В отличие от большинства художественных произведений, все места и события, о которых рассказано в этом романе, совершенно реальны, как реальны и вы, когда собираетесь читать его. Это не вымысел, в котором все действия происходят между головой и руками. Однако, имена персонажей изменены, но не потому что они могут обратиться с претензией, а потому что большинства из них нет в живых.

1

Сегодня среда, и сегодня я умер. Мое сердце перестало биться. Я больше не дышу, но кажется, что мое тело все еще функционирует. Мой мозг продолжает работать, я могу слышать и видеть. Я едва могу разобрать, где я – лежу на спине, в груди жуткая боль. Должно быть, у меня случился сердечный приступ, или меня ударили ножом. Голова раскалывается, и я чувствую что-то горячее у затылка. Вокруг невероятный грохот, он оглушает, мне кажется, я слышу безумные крики вокруг. Что-то горит. В воздухе висит черный дым. Кажется, все вокруг охвачено пламенем. Давно забытые воспоминания проносятся перед глазами. Я смотрю на все, словно я сижу в театре и в то же время сам играю на сцене.


Морварид – один из лучших ресторанов Тегерана. За старым фасадом, которому не меньше сотни лет, скрывается современный интерьер. Пол вымощен лазуритом и частично покрыт кашанскими коврами. В заведении очень высокий потолок с хрустальными люстрами.

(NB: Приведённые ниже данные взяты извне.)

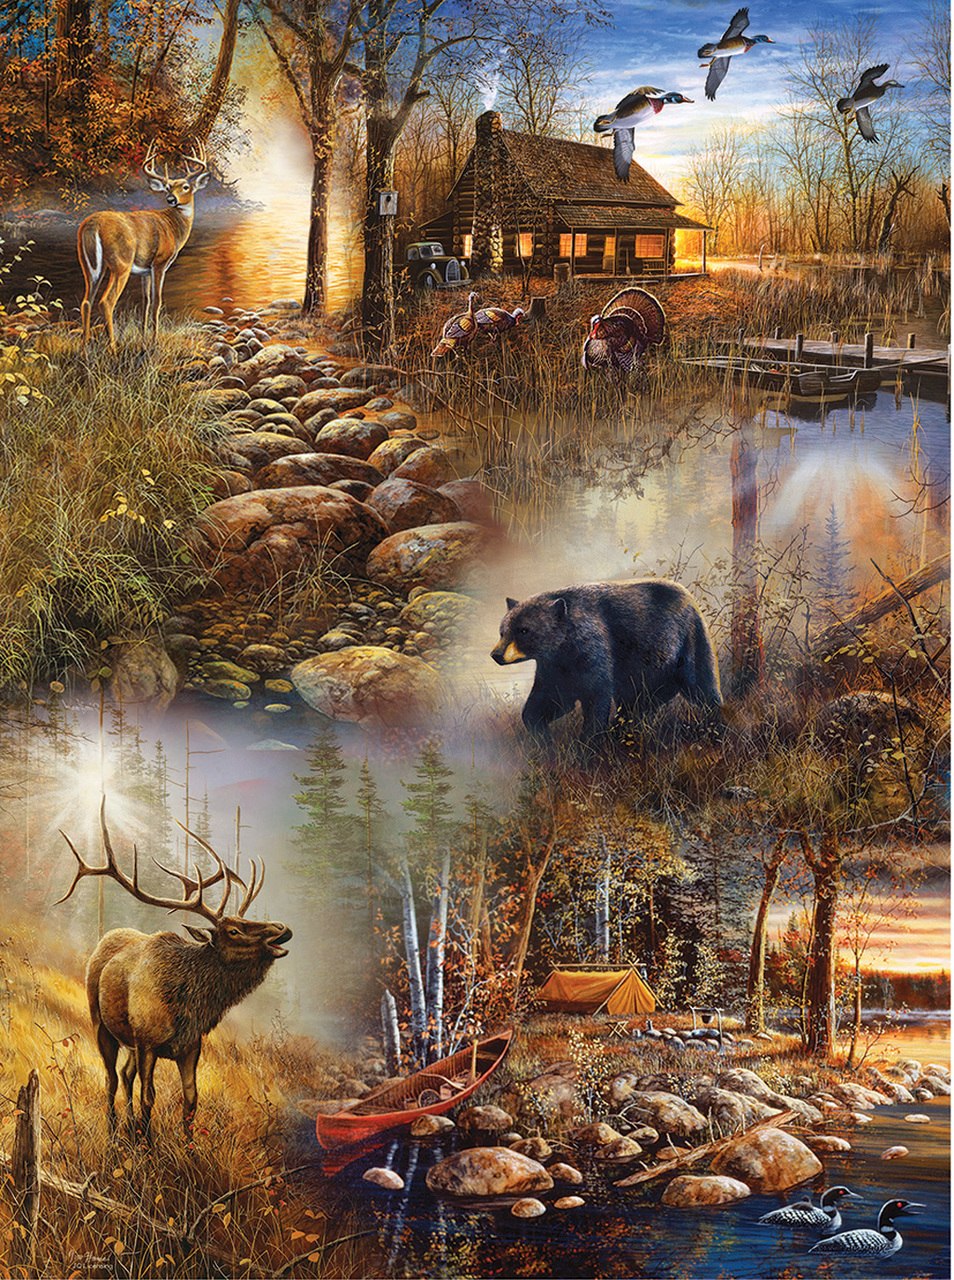 Forest Collage - 1000pc Jigsaw Puzzle by SunsOut

Около дюжины широких колонн поддерживают крышу, украшенную яркими резными миниатюрами. Сражения с греками, арабами, турецкими захватчиками, разрушение Персеполиса Александром, завоевание Вавилона Царем Киром и другие славные моменты персидской истории изображены там.

Я пришел в Морварид не за тем, чтобы поесть – это было мне не по карману. Я пришел, чтобы найти себе женщину на ночь. Морварид – это не обычный ресторан. Это место, где женщины и мужчины могут встречаться без надзора исламистов. Секс вне брака незаконен, запрещен Аятоллами и наказуем. Телесная близость в Исламе – это что-то темное, безобразное, злое и постыдное. Это то, за что нужно раскаиваться и что нужно прятать за дверью спальни. Одиноким мужчинам и женщинам запрещено встречаться. У них нет свободы в выборе партнеров. Практически все браки заключаются по настоянию родителей, родственников или властей. Комитет, мобильный отряд Корпуса стражей исламской революции, занимается слежкой за неженатыми парами и их поимкой. В этой стране случайные связи опасны, как альпинизм или глубоководный дайвинг. Наказание за незаконный секс – до шести лет тюрьмы, за супружескую измену – забивание камнями насмерть. И все же это не означает, что секса здесь нет. Он повсюду, и за ним наблюдают с тревогой и трепетом.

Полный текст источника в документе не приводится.